Ontario’s AI Law is an ‘empty shell’, privacy watchdog warns

Ontario’s AI law lacks enforceable safeguards, leaving gaps as AI risks accelerate and organizations navigate challenges

Ontario’s AI Law is an ‘empty shell’, privacy watchdog warns

Cyber

By Branislav Urosevic

Ontario’s flagship artificial intelligence law is “no more than an empty shell,” the province’s privacy watchdog has warned, saying the real safeguards on how public‑sector bodies use AI will depend on regulations that don’t yet exist.

Speaking at a NetDiligence cyber conference, Christopher Parsons (pictured), director of research and technology at the Office of the Information and Privacy Commissioner (IPC) of Ontario, said the Enhancing Digital Security and Trust Act (EDSTA) – passed in November 2024 as part of Bill 194, the Strengthening Cybersecurity and Building Trust in the Public Sector Act – remains largely a framework on paper.

“This is a highly laudable effort by the government, and it’s timely,” Parsons told delegates. “However, the IPC’s ongoing concern is that EDSTA is no more than an empty shell.”

EDSTA is designed to let the province regulate mandatory cybersecurity programs, the “responsible” use of AI systems, and digital systems affecting children and youth across public‑sector entities.

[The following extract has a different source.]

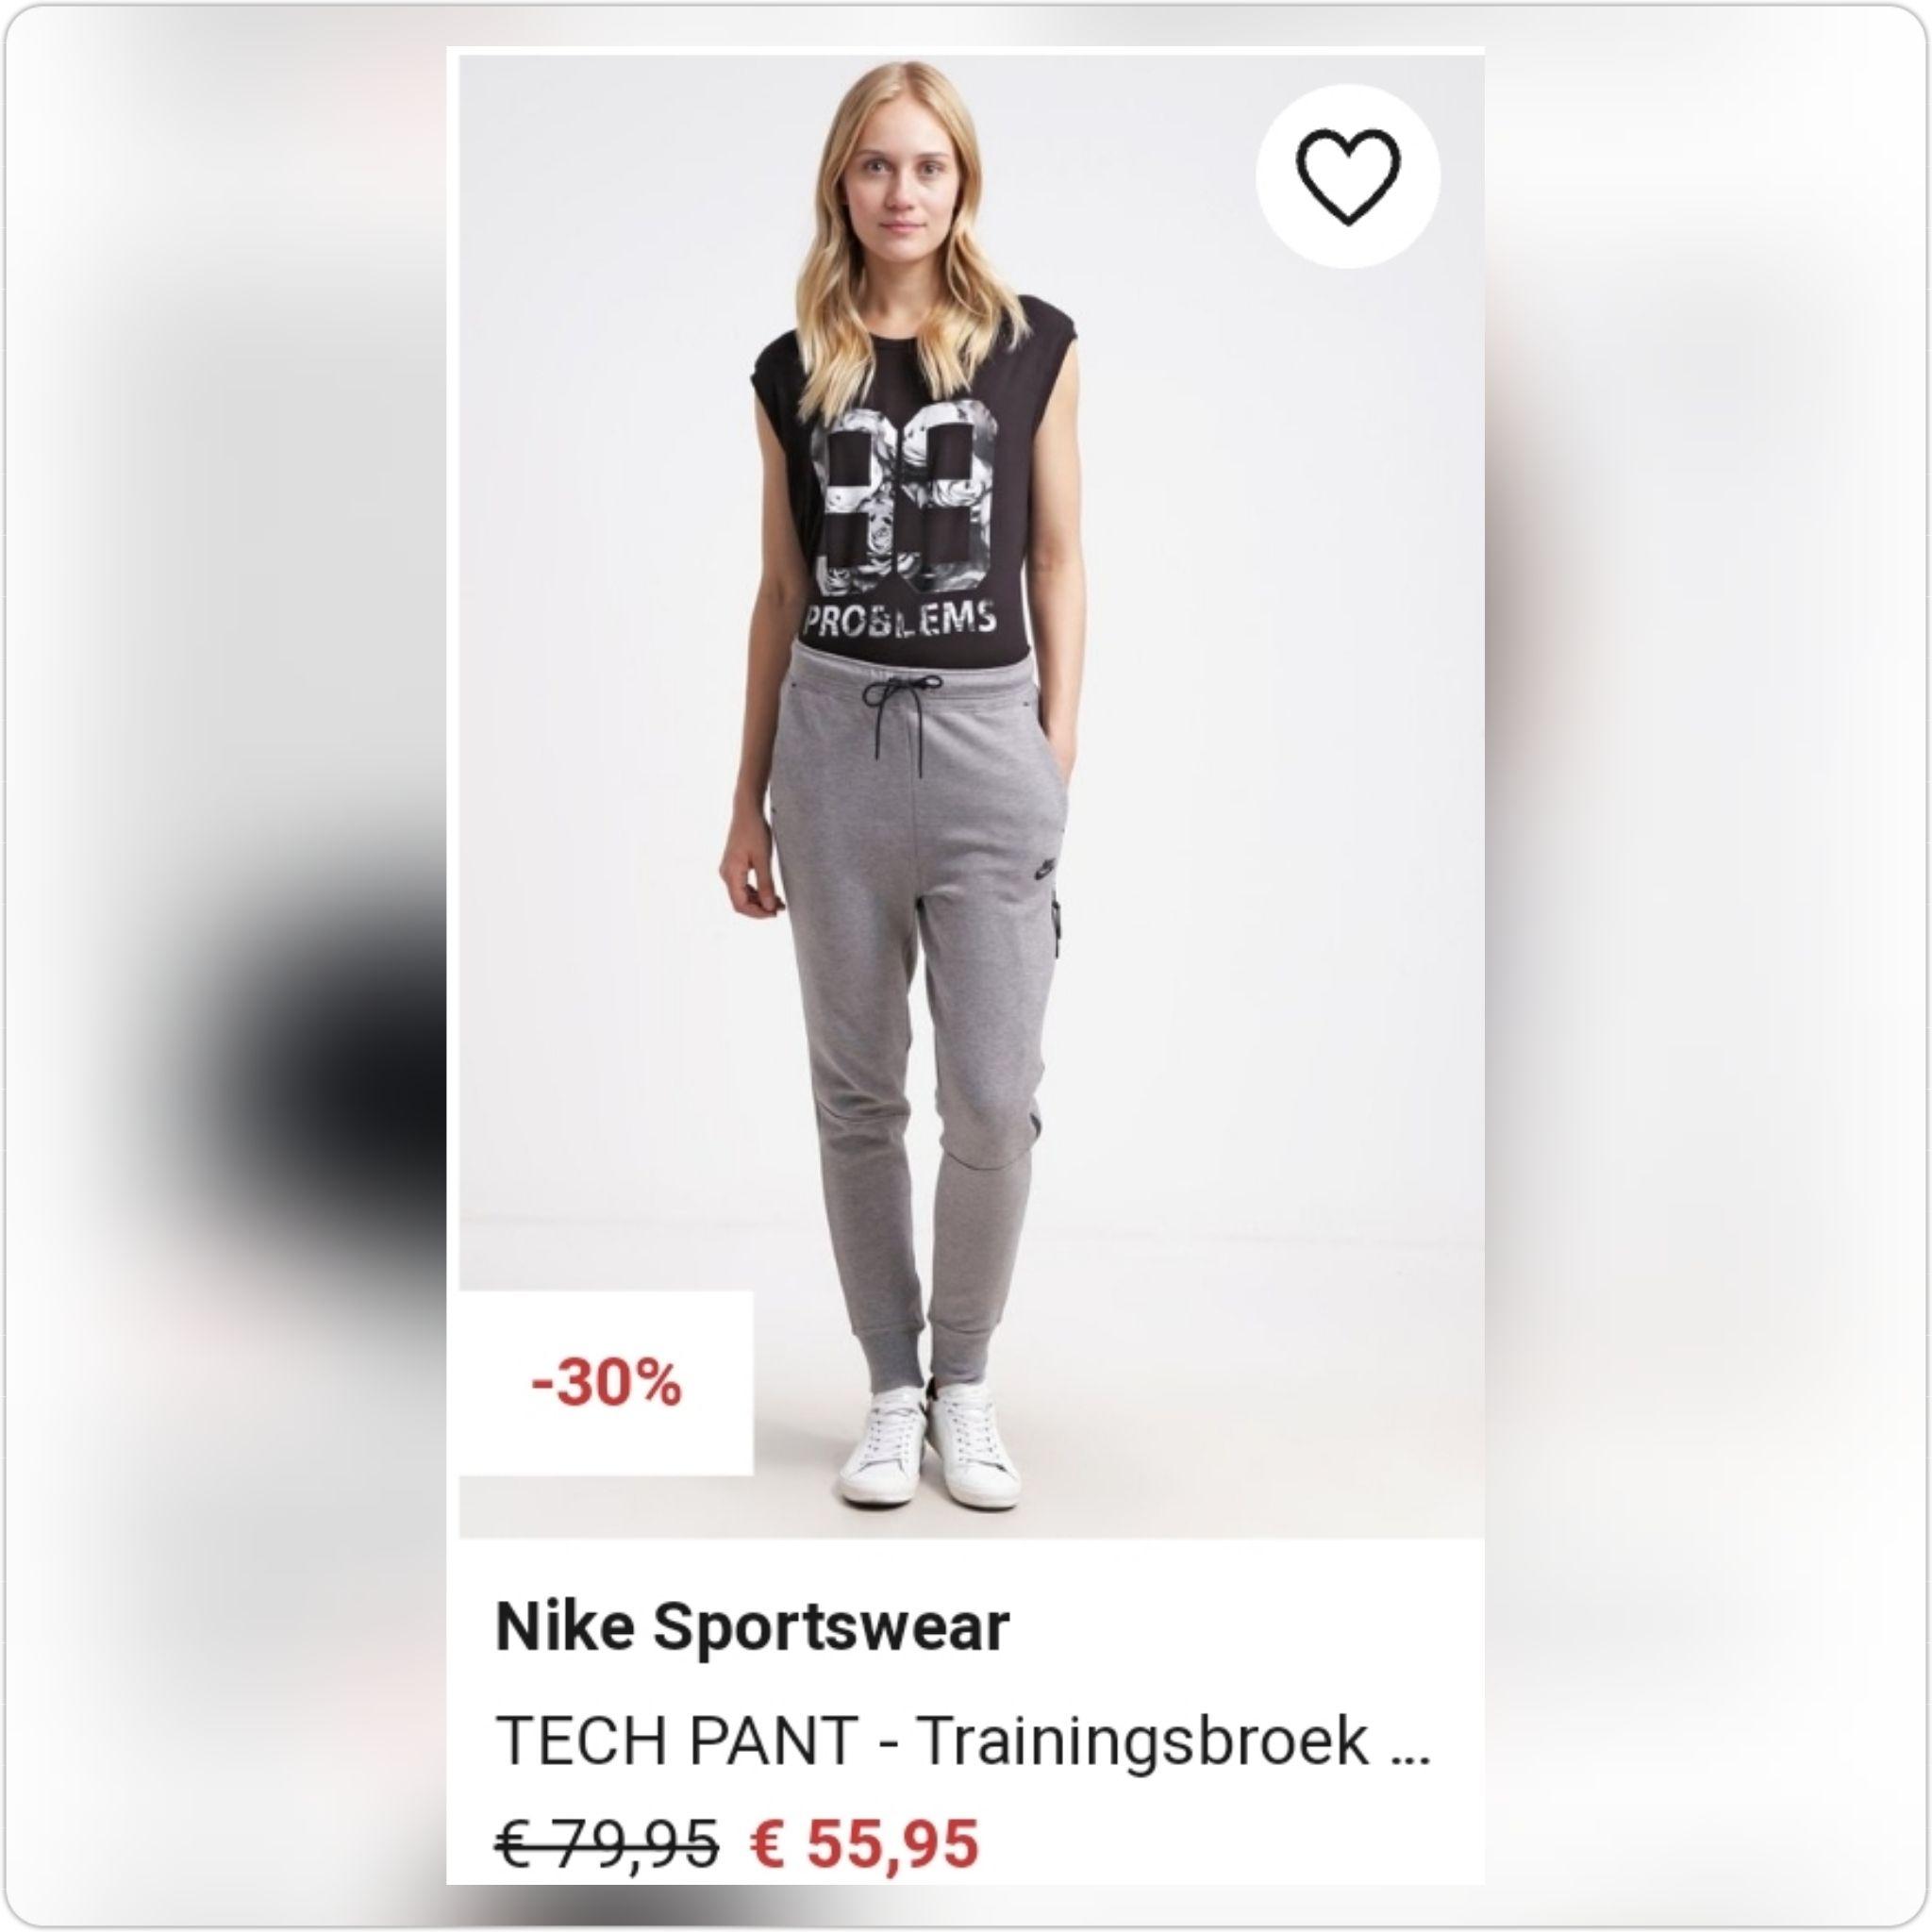 Nike Sportswear  TECH PANT - Trainingsbroek  @ Zalando

But Parsons stressed that the substance of those obligations has not yet been defined.

“The key protections must come from standards or regulation emerging from the legislation,” he said. “The legislation itself doesn’t have those protections built in.”

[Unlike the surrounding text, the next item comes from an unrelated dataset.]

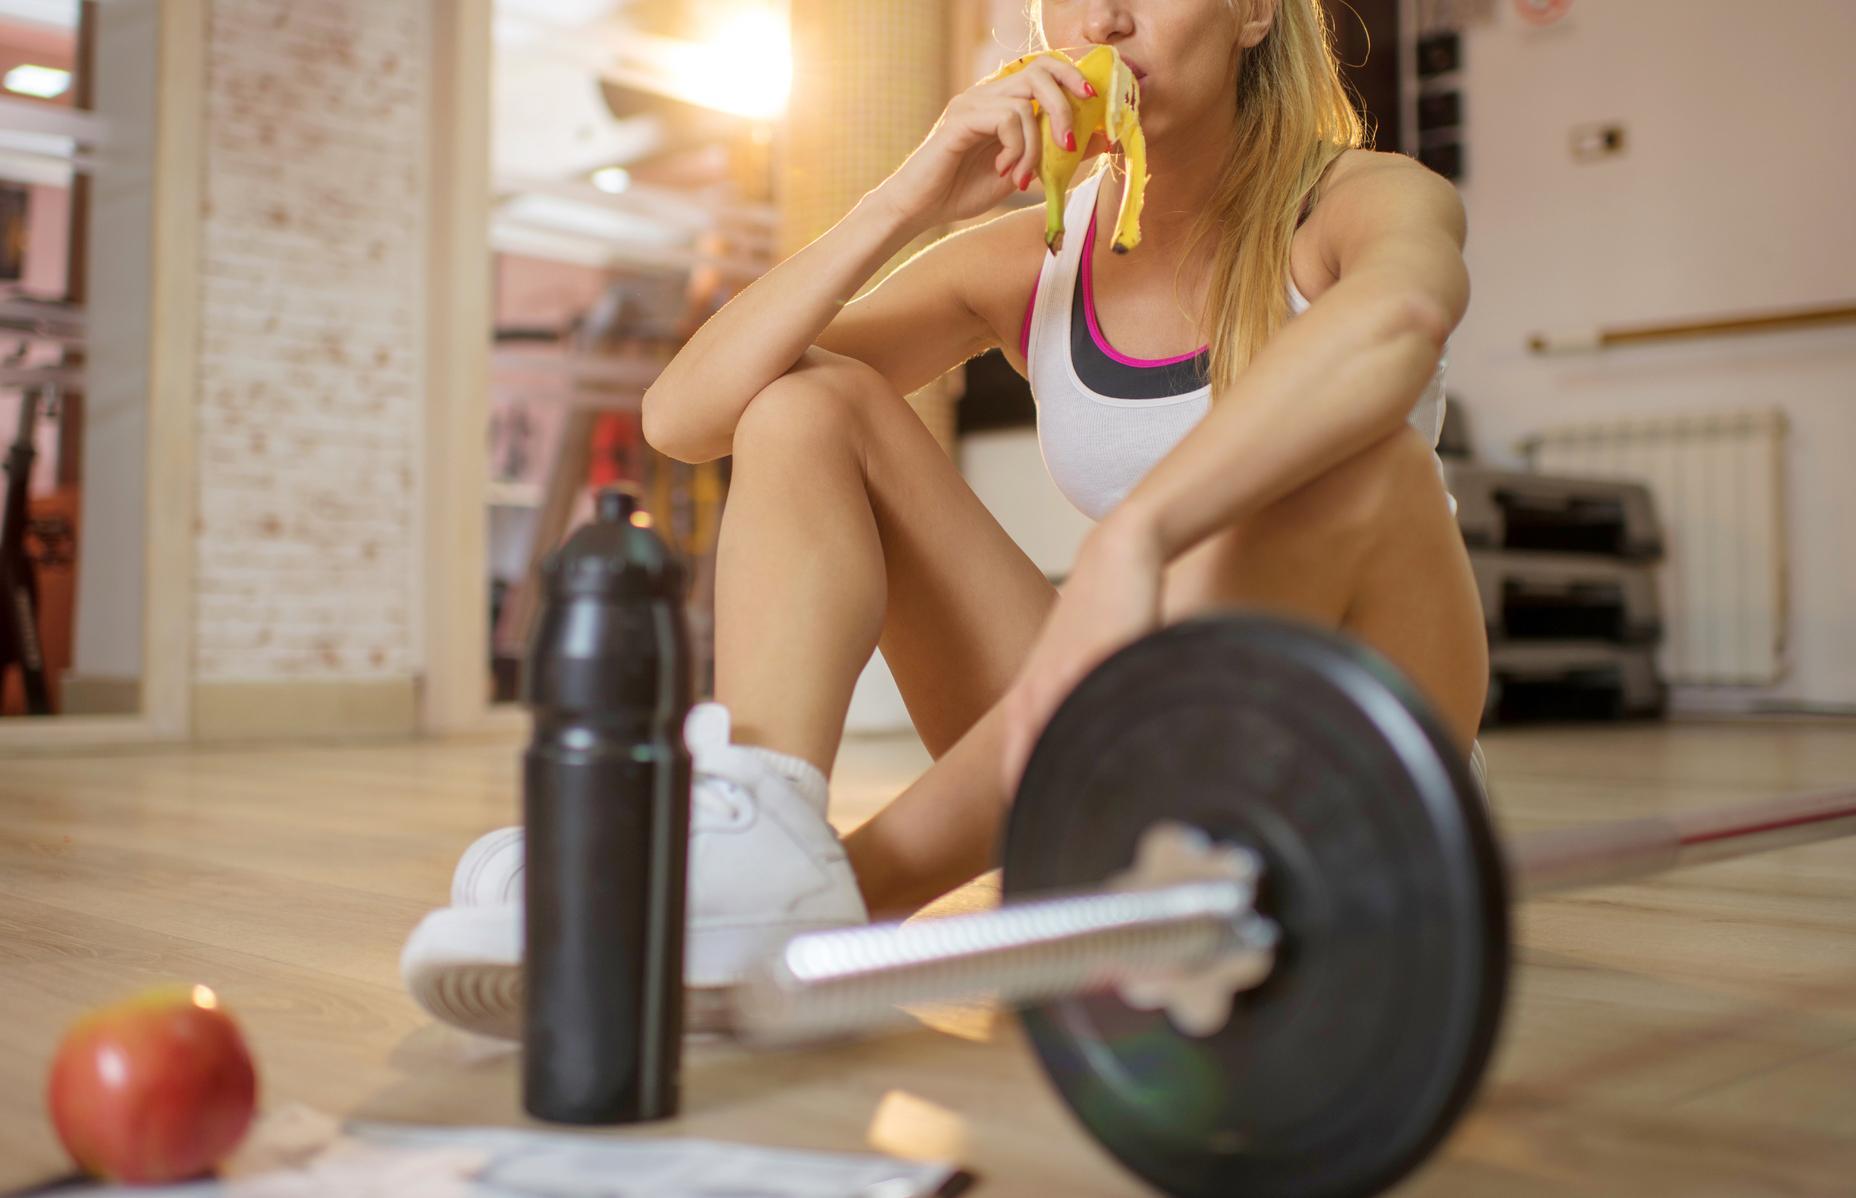 edzés után banán evés

That leaves a gap between political signalling and operational reality for ministries, agencies and broader public‑sector institutions already experimenting with tools such as generative AI and agentic systems.

“For the time being, until those regulations are drafted, it’s unclear how the law will be specifically applied regarding potential misuses of AI systems,” Parsons said.

He also warned that, even with the legal framework still hollow, AI is already reshaping cyber risk in ways many organizations – and insurers – are not prepared for. He highlighted three specific AI‑driven threats.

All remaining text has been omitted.